Basically the price is whatever you feel comfortable paying. I would look up as many ads in your area, compare quality, maybe even look at some of them and decide which ones you feel are the best cared for, healthiest, and the best quality.


----------



## DappledBoers (Feb 10, 2013)

Do you have any pictures? Is she yours that you want to sell or are you wanting to buy her?


Sent from my iPhone using Goat Forum


----------



## DappledBoers (Feb 10, 2013)

If they could register the buck then she can be registered as 50%.. But that would probably raise her price.

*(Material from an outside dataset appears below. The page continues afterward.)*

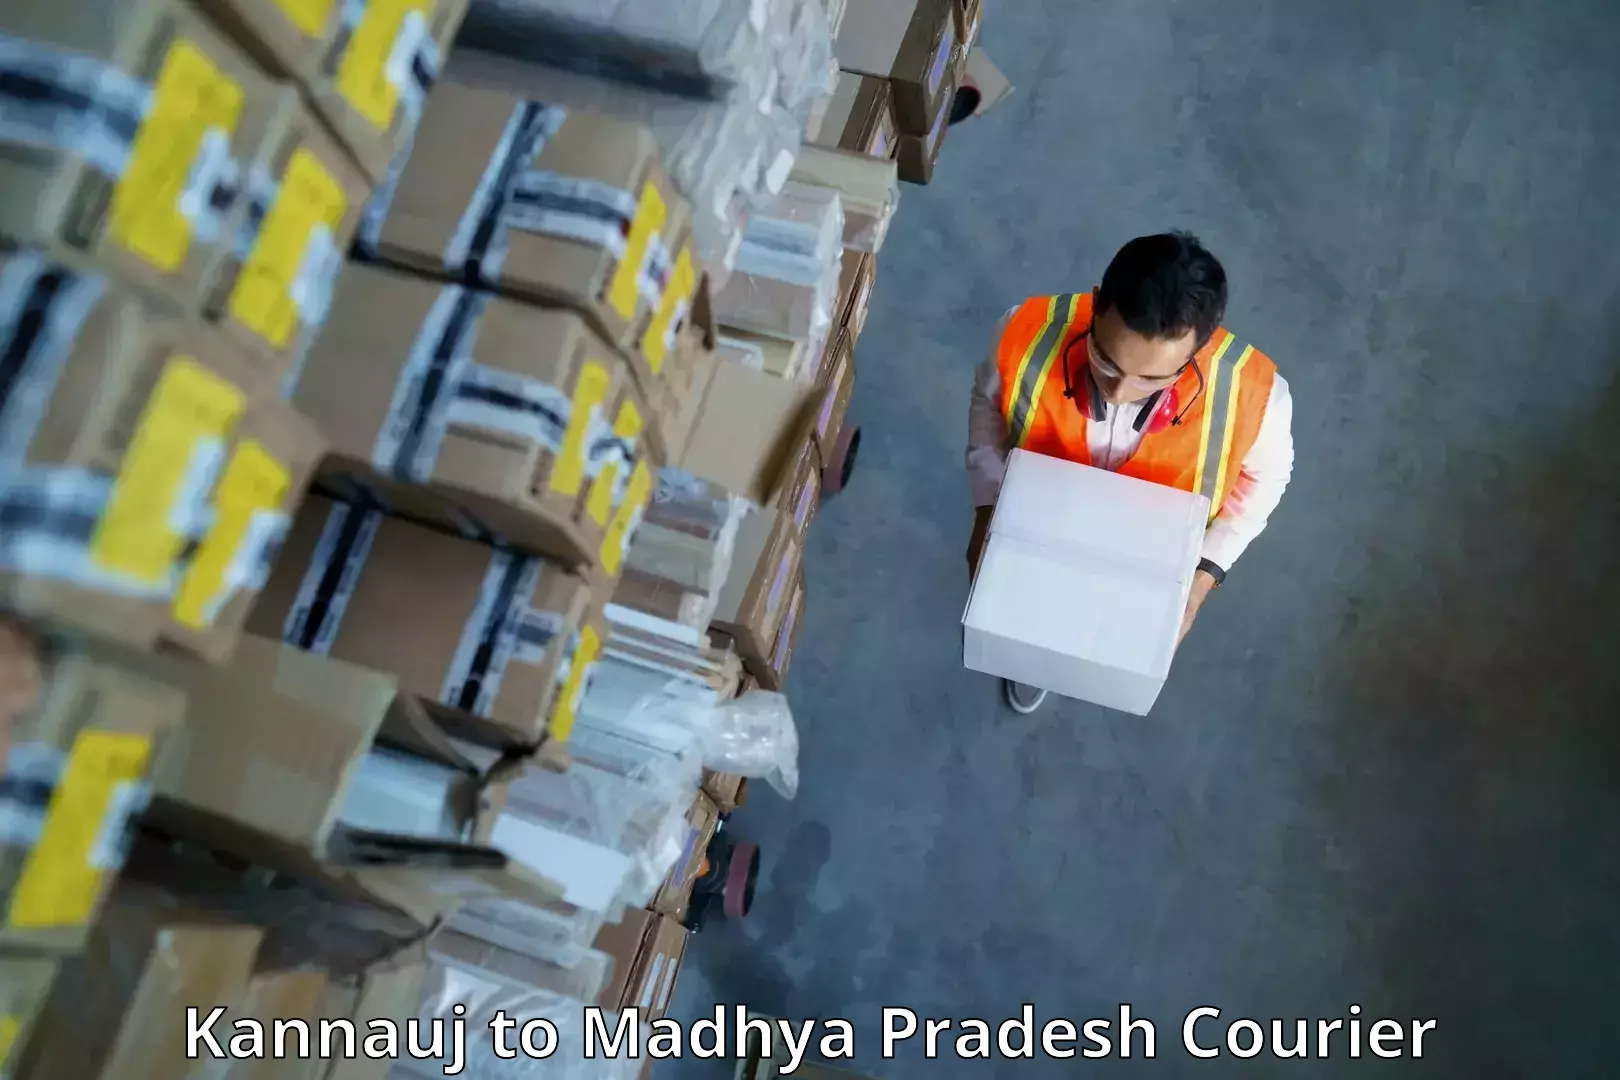 Courier service efficiency Kannauj to Dhar

Sent from my iPhone using Goat Forum


----------



## HoukFarms (Apr 14, 2013)

Well she may be for sale... Mom hasn't decided only for the right price she said lol and the people we bought him from finished their fir season here then moved back to Texas


----------



## toth boer goats (Jul 20, 2008)

To help further, we will need a pic.


----------



## HoukFarms (Apr 14, 2013)

I currently don't have any pictures of her set up ... This is all I have right now


----------



## HoukFarms (Apr 14, 2013)

The last three are from December and the first two are from last week


----------



## toth boer goats (Jul 20, 2008)

She is kinda young yet to price, she will have to be 1 month old minimum for me to be able to place a price on her.

She is a cute little baby.


----------



## HoukFarms (Apr 14, 2013)

Thanks


----------



## HoukFarms (Apr 14, 2013)

And she is over a month she will be two months in two weeks


----------



## toth boer goats (Jul 20, 2008)

She is that old? She somehow from the pics looks younger than that, hmm.

Maybe because of the angles? If you can get clearer and better pics, then it will help.
She is a cute girl.

how is her teat structure, bite and pigment?


----------



## HoukFarms (Apr 14, 2013)

She is almost completely black for the pigment , how do you check the bite?


----------



## toth boer goats (Jul 20, 2008)

Open the mouth, you don't want to see a gap way forward or way back.

Here is a good link with what a bite should look like but mini style LOL.
http://arbl.cvmbs.colostate.edu/hbooks/pathphys/digestion/pregastric/cowpage.html


----------